__PROVIDED INFORMATION__
◆ ◆ ◆ ◆

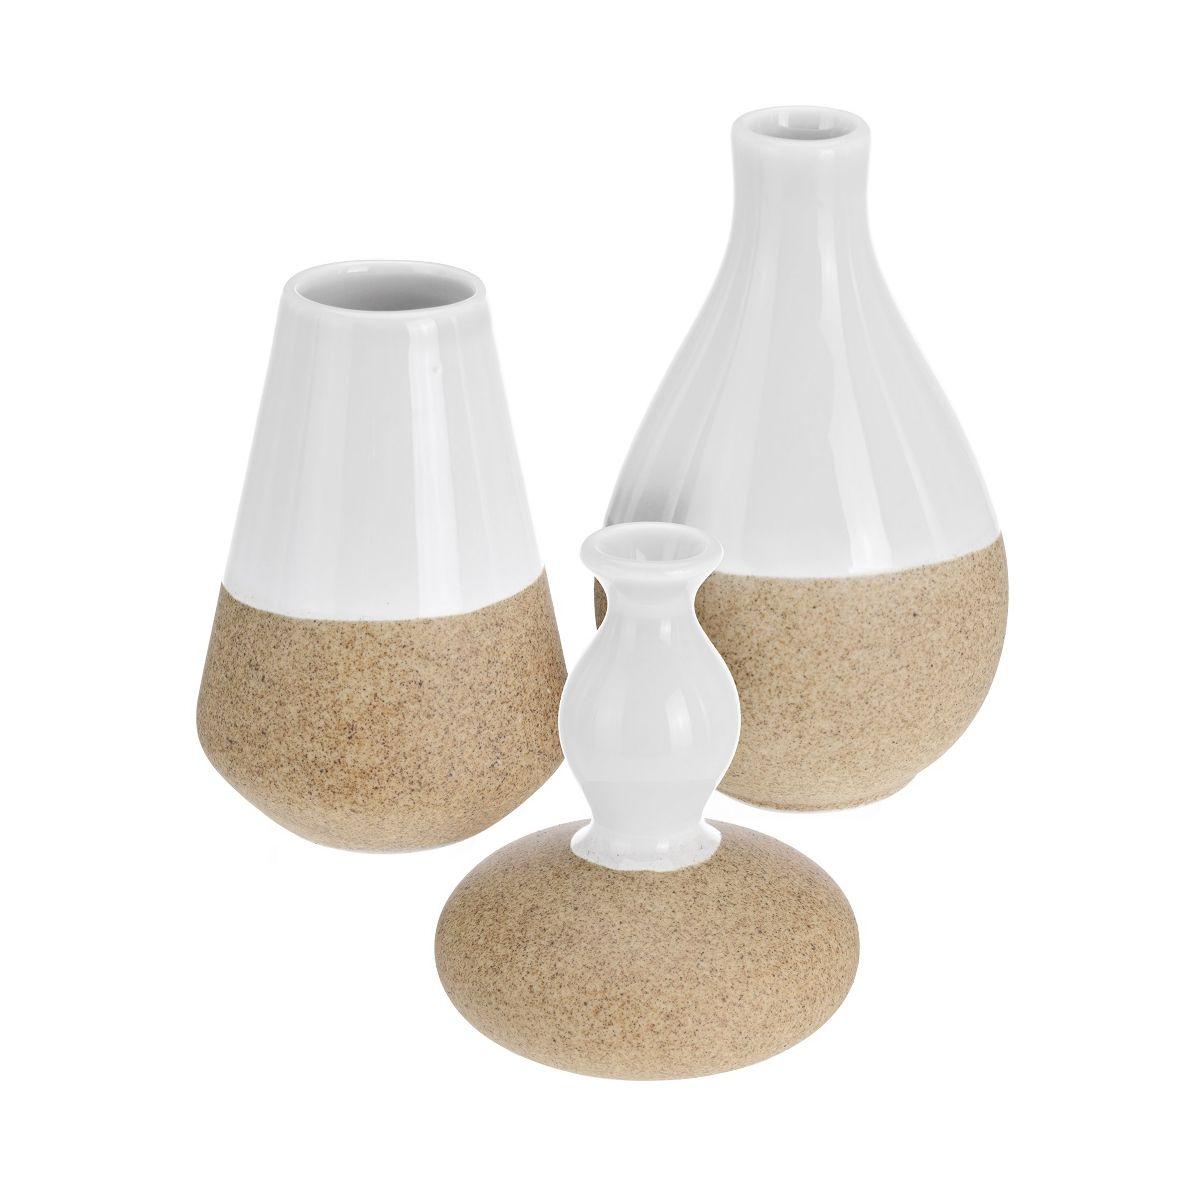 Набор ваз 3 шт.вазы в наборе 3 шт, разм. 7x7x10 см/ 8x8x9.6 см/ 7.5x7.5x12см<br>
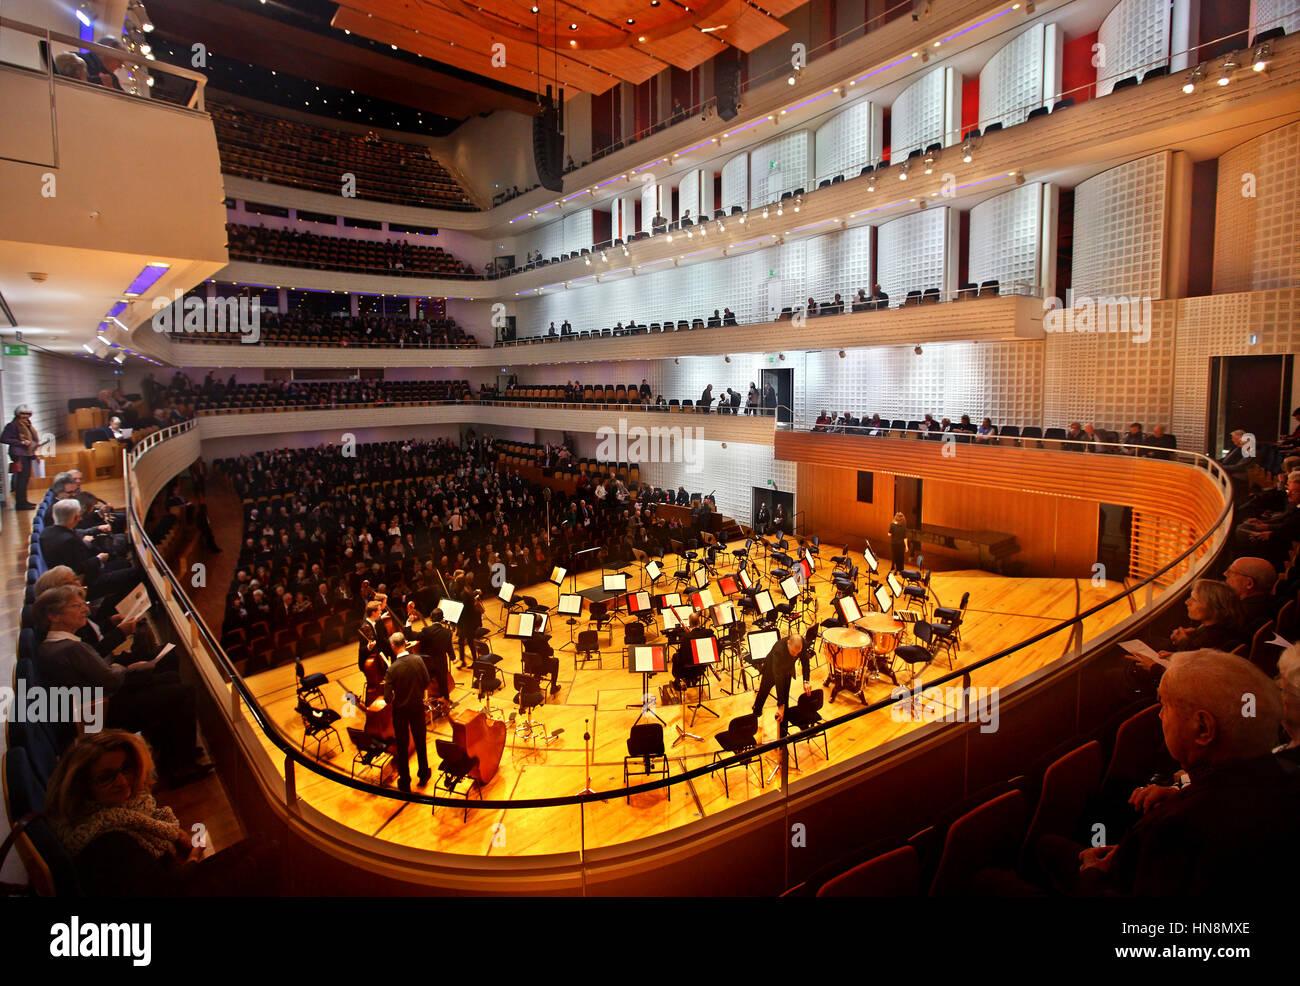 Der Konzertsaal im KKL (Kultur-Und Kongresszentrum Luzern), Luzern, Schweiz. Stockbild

◆ ◆ ◆ ◆

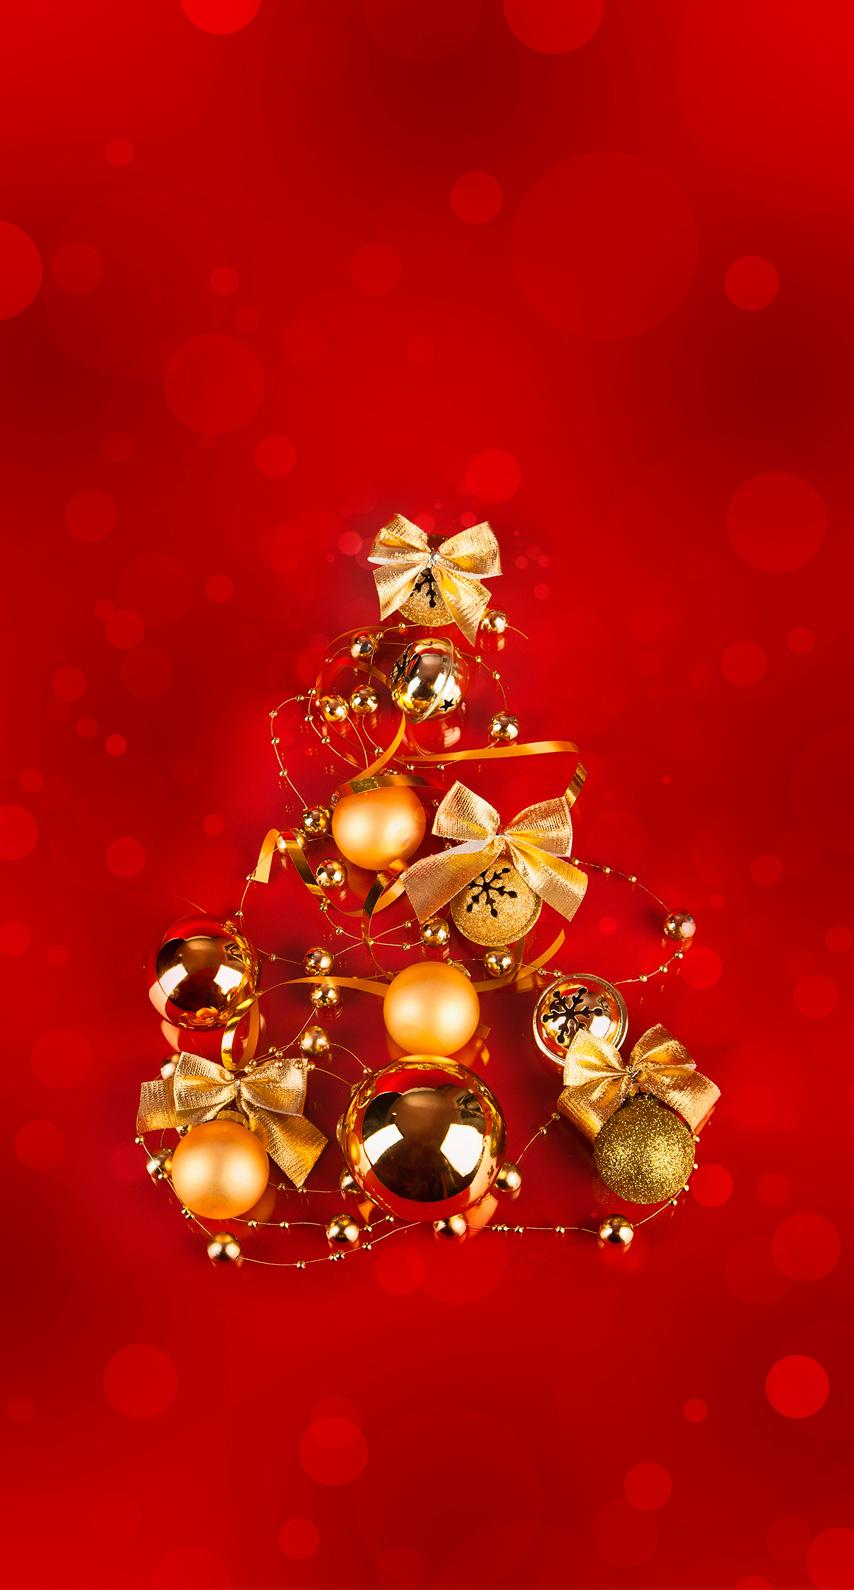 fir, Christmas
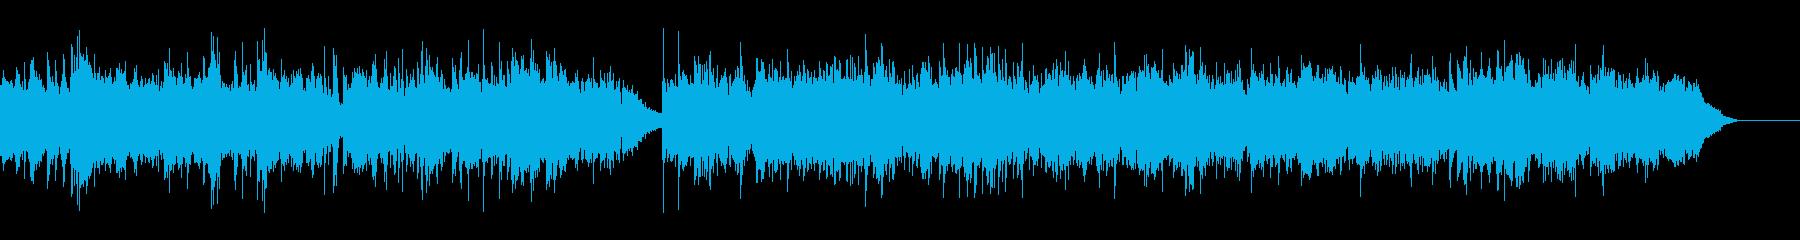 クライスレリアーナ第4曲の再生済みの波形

◆ ◆ ◆ ◆

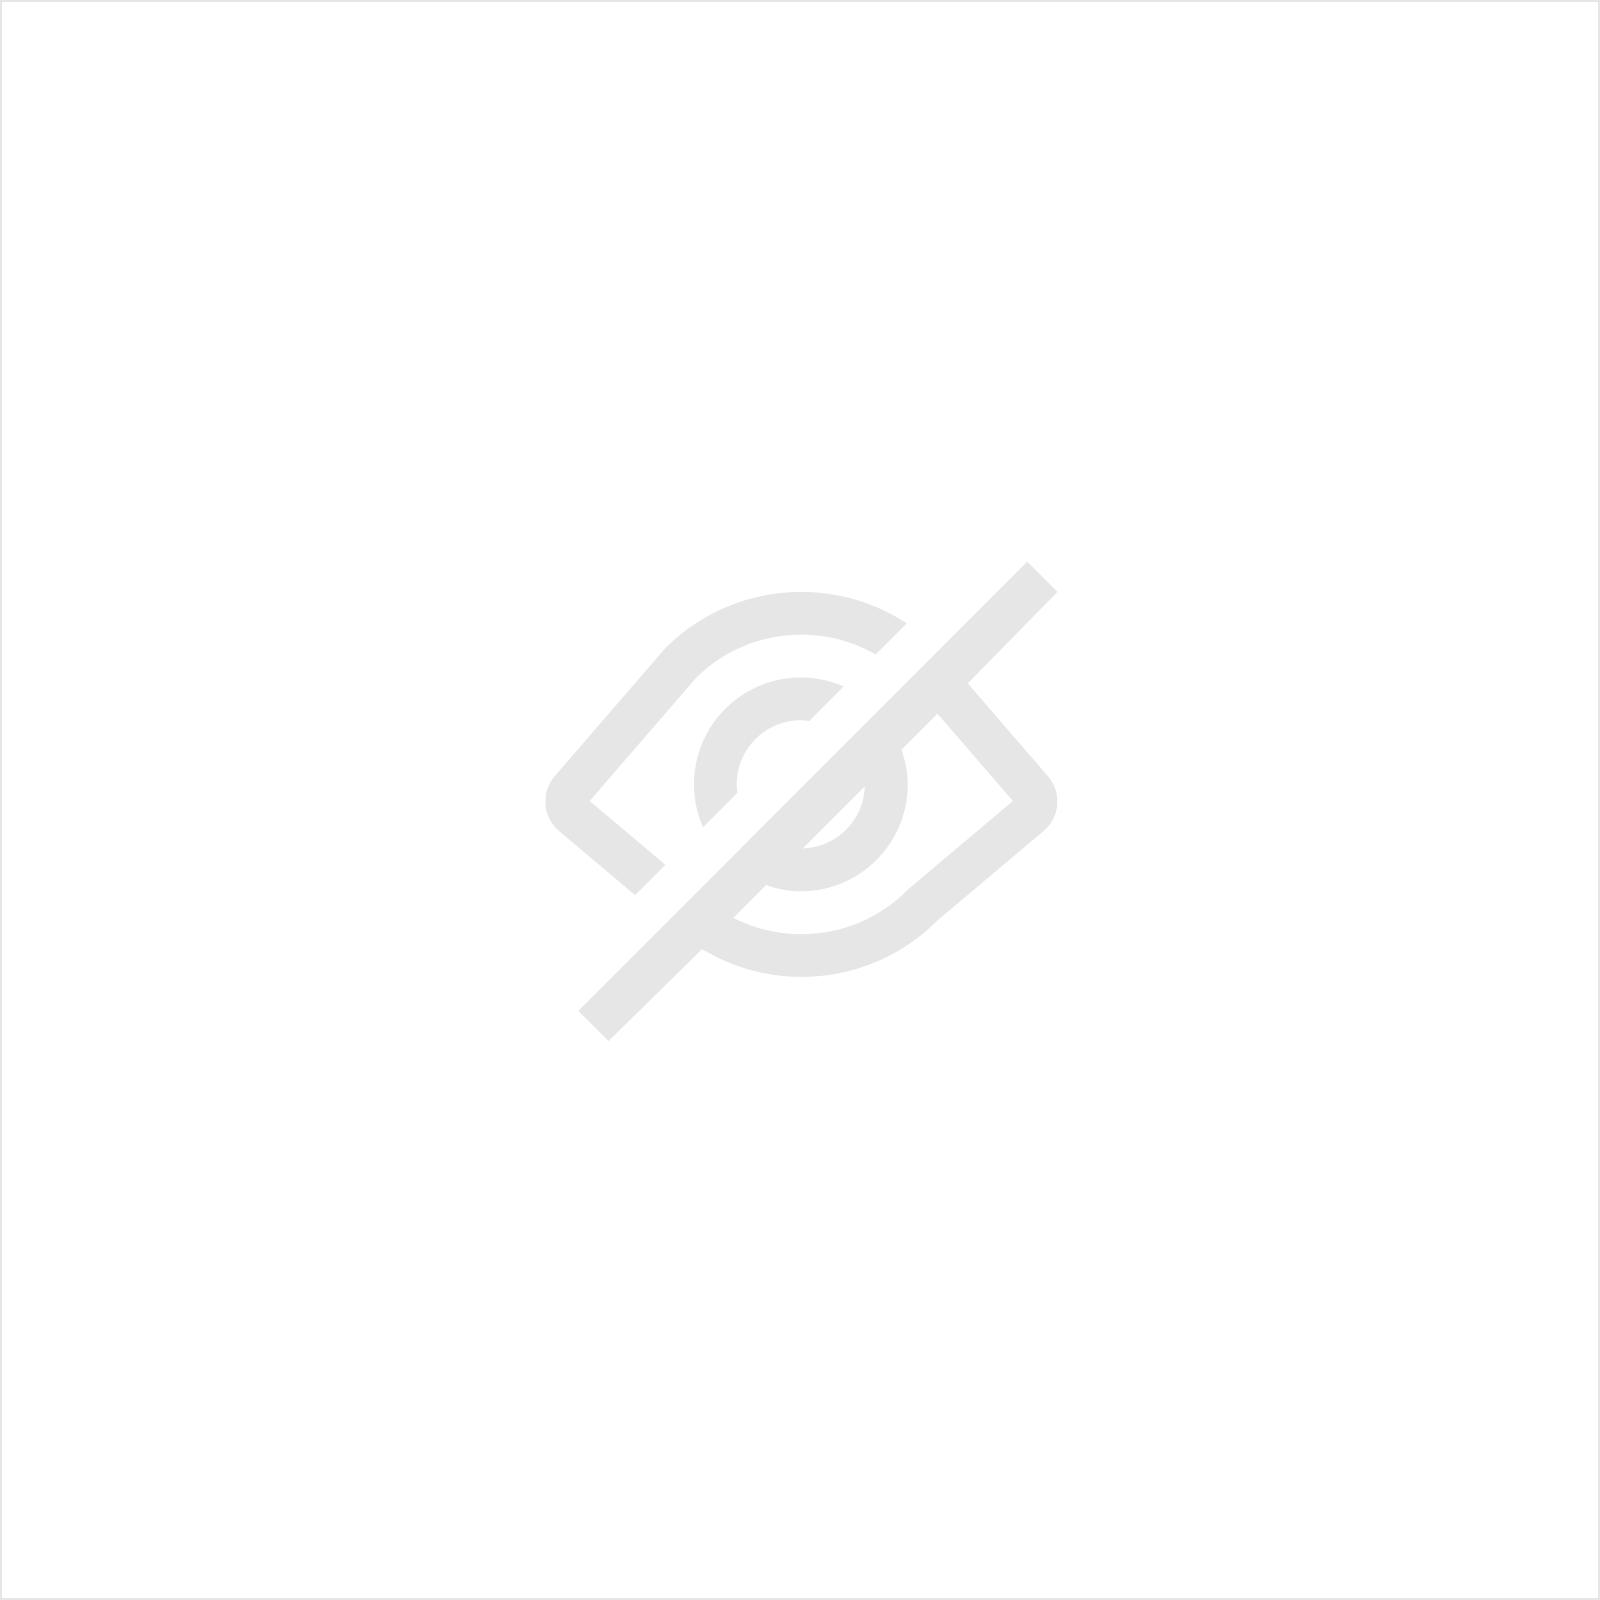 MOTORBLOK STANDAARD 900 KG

◆ ◆ ◆ ◆

Extract, without any images, the part of the material above that opens with the line containing "Набор ваз 3" and closes with the line containing "Der Konzertsaal im", both lines included.

 Набор ваз 3 шт.вазы в наборе 3 шт, разм. 7x7x10 см/ 8x8x9.6 см/ 7.5x7.5x12см<br>
 Der Konzertsaal im KKL (Kultur-Und Kongresszentrum Luzern), Luzern, Schweiz. Stockbild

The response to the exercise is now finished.